- Given material

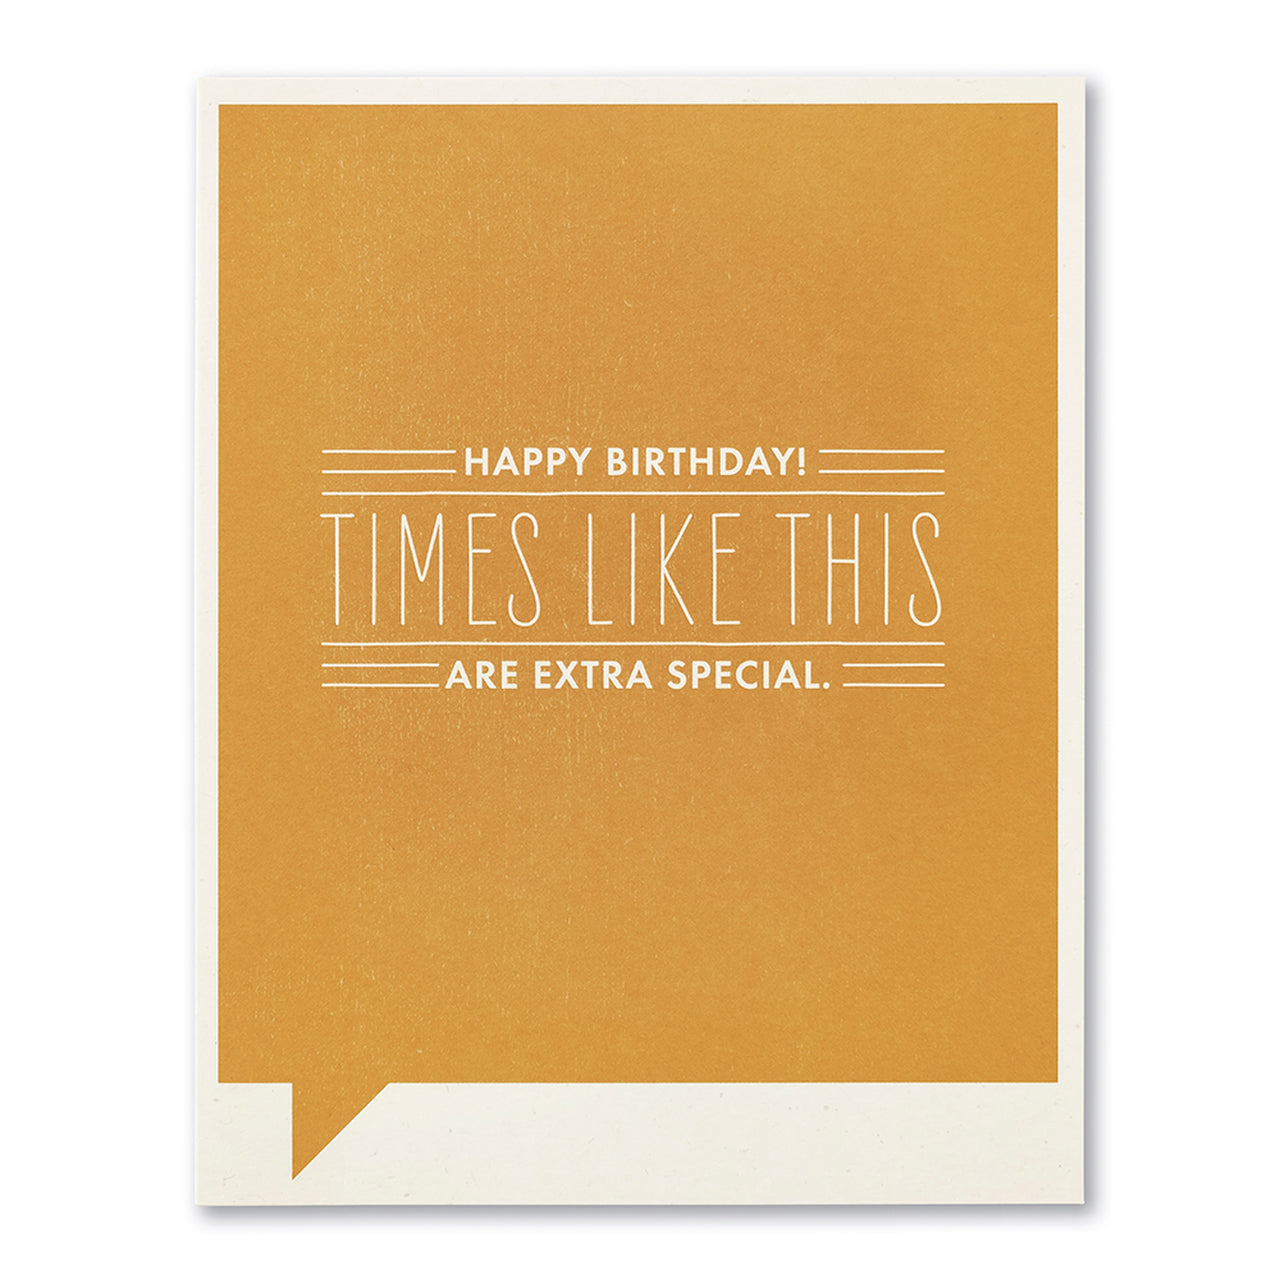 Frank and Funny Greeting Card - Birthday - Happy Birthday! Times Like These Are Extra Special - Mellow Monkey
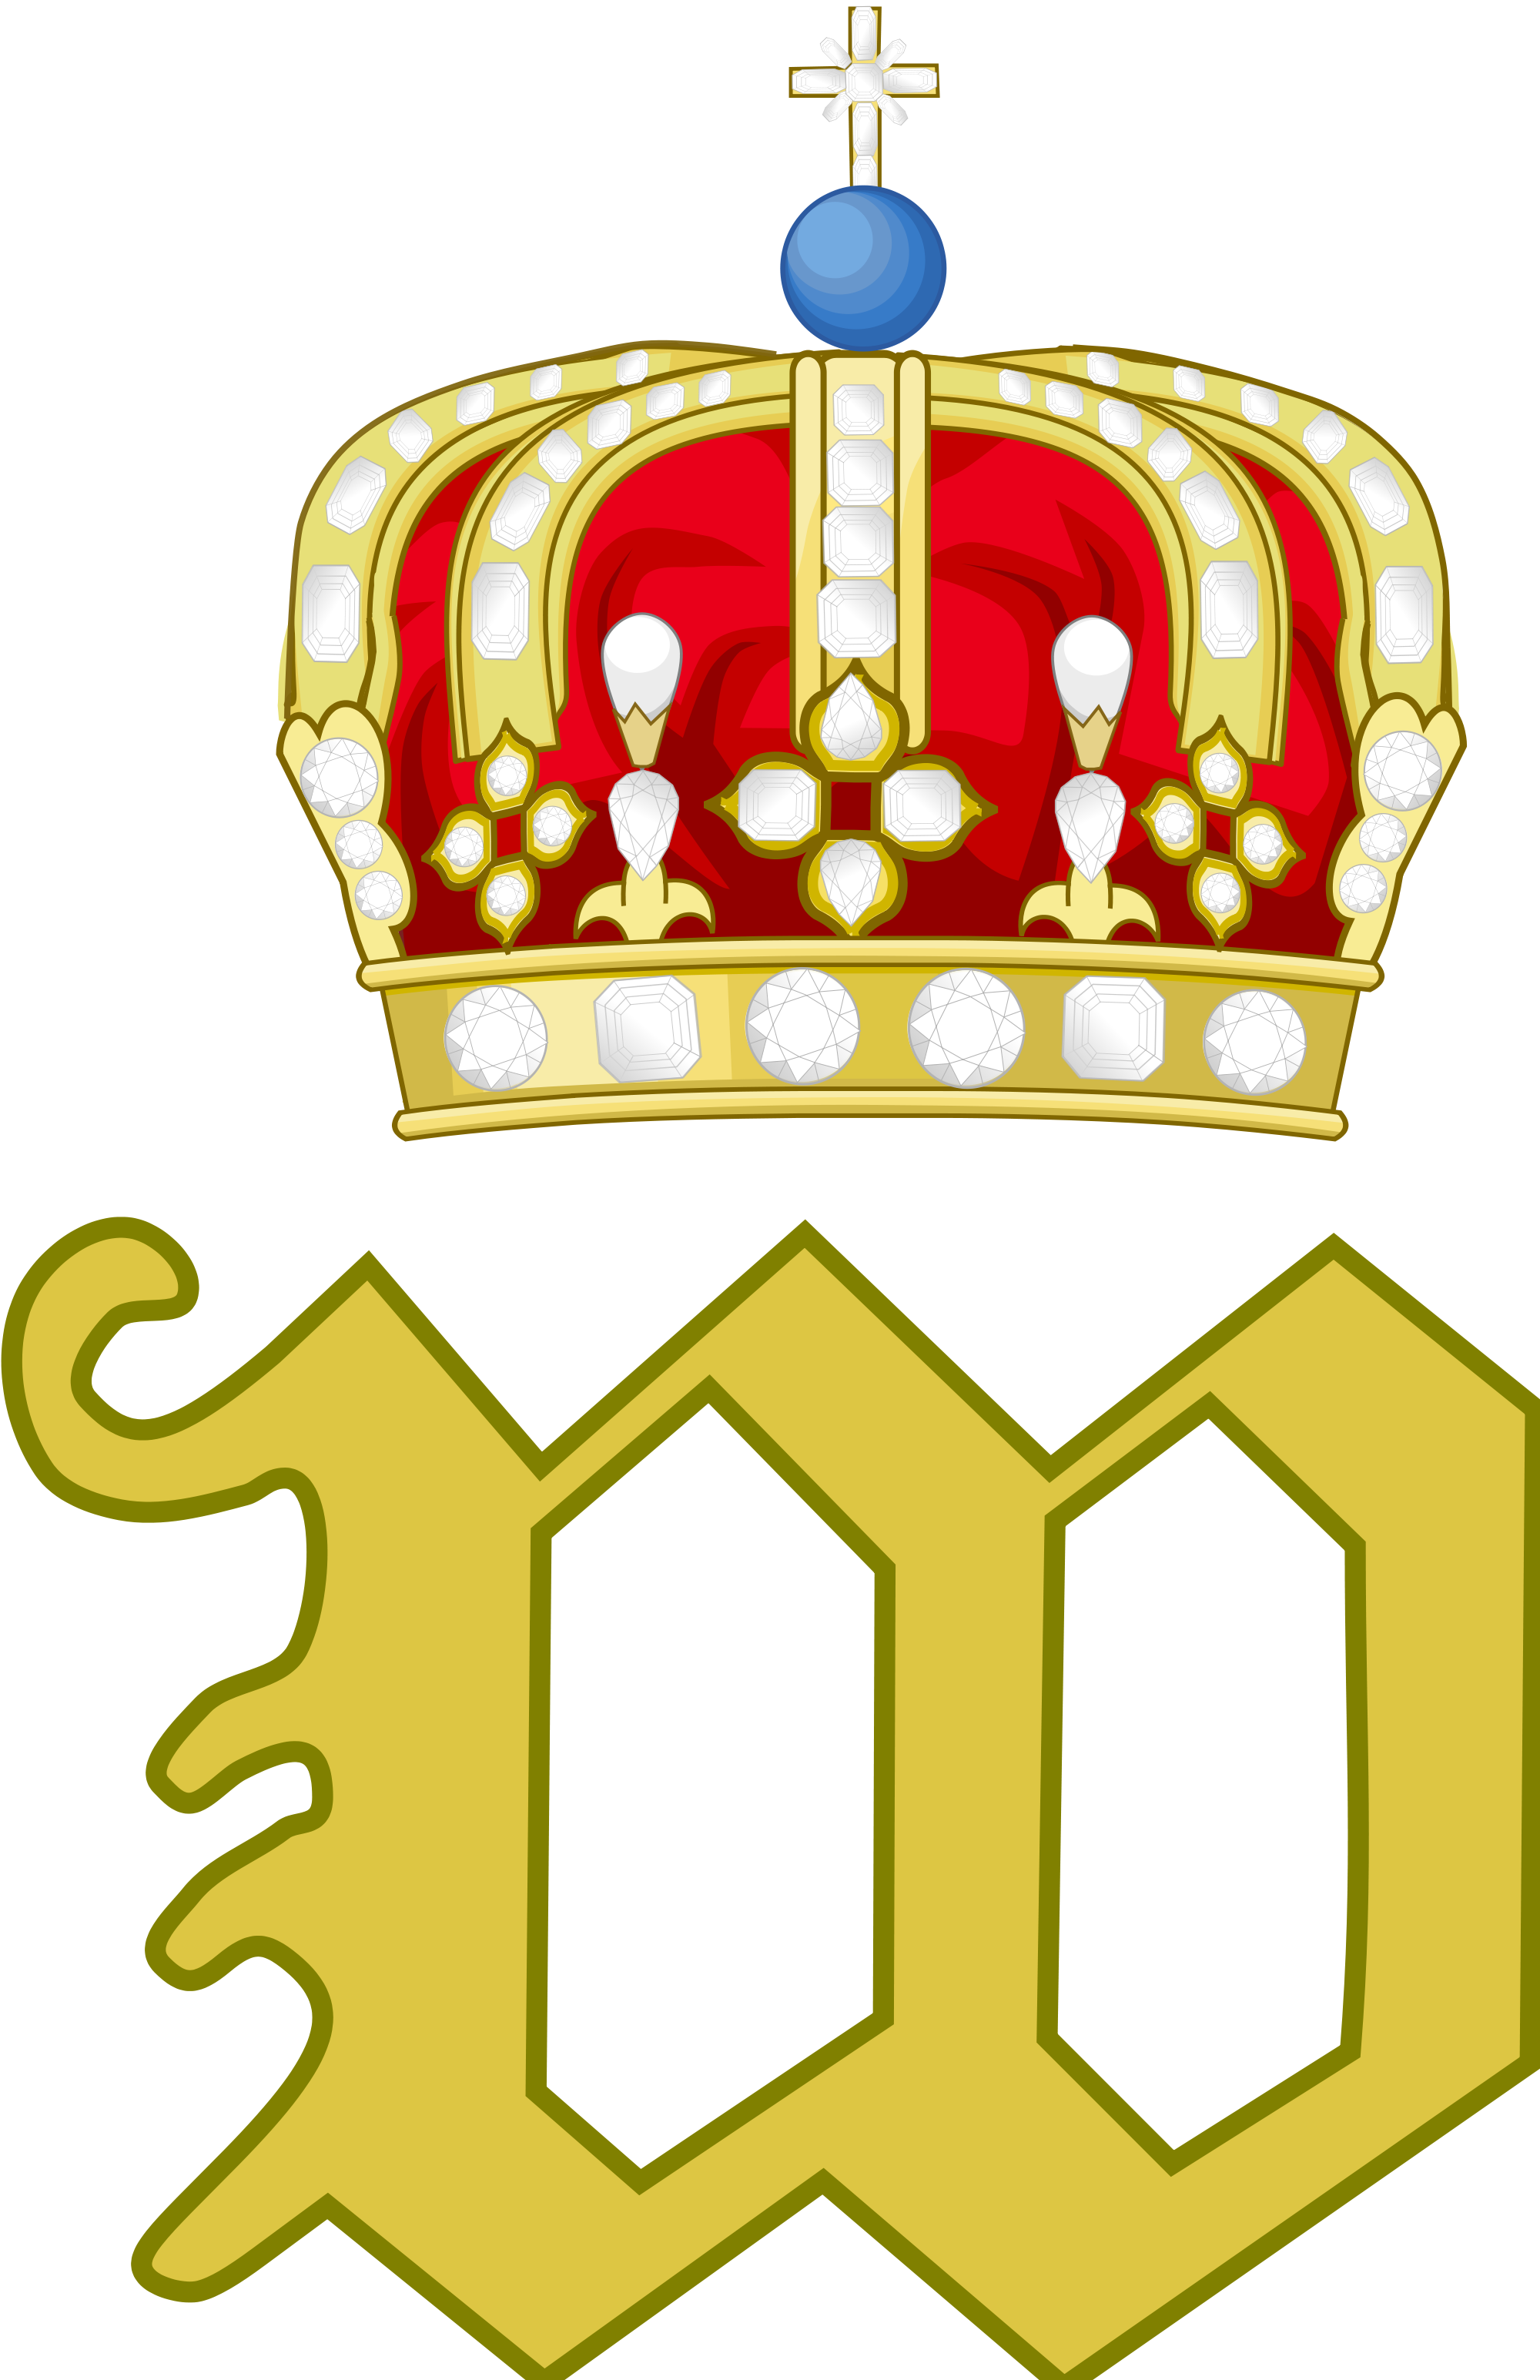 king clipart sire
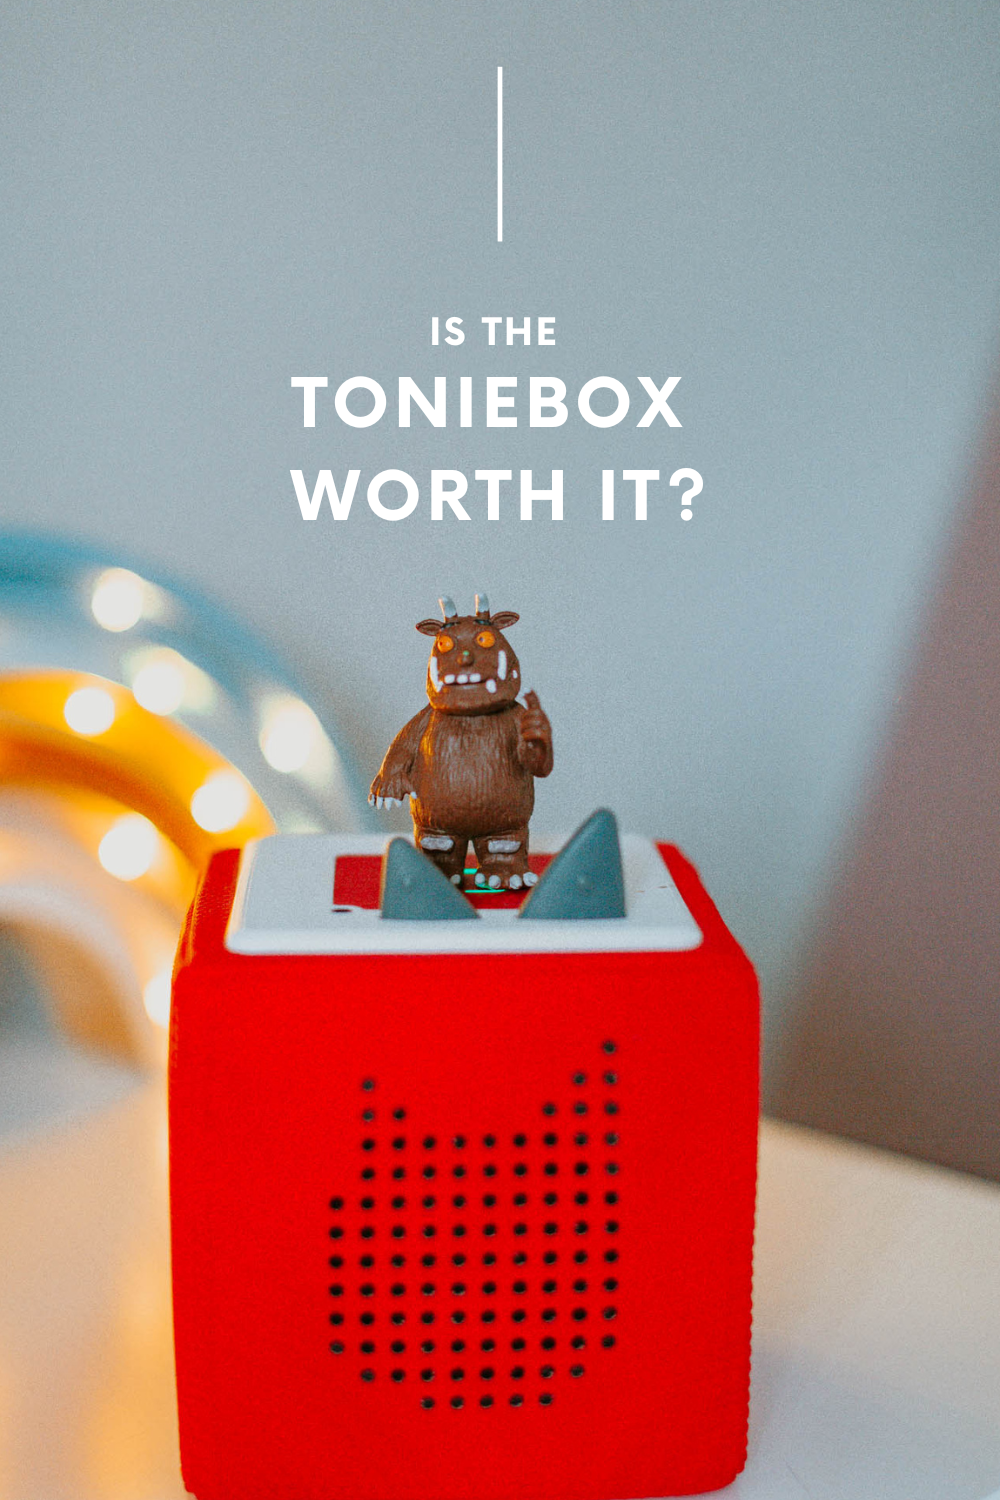 is the toniebox worth it?

- Task prompt
Please restate the whole listing exactly, without any of its pictures.

- Expected output
 Frank and Funny Greeting Card - Birthday - Happy Birthday! Times Like These Are Extra Special - Mellow Monkey
 king clipart sire
 is the toniebox worth it?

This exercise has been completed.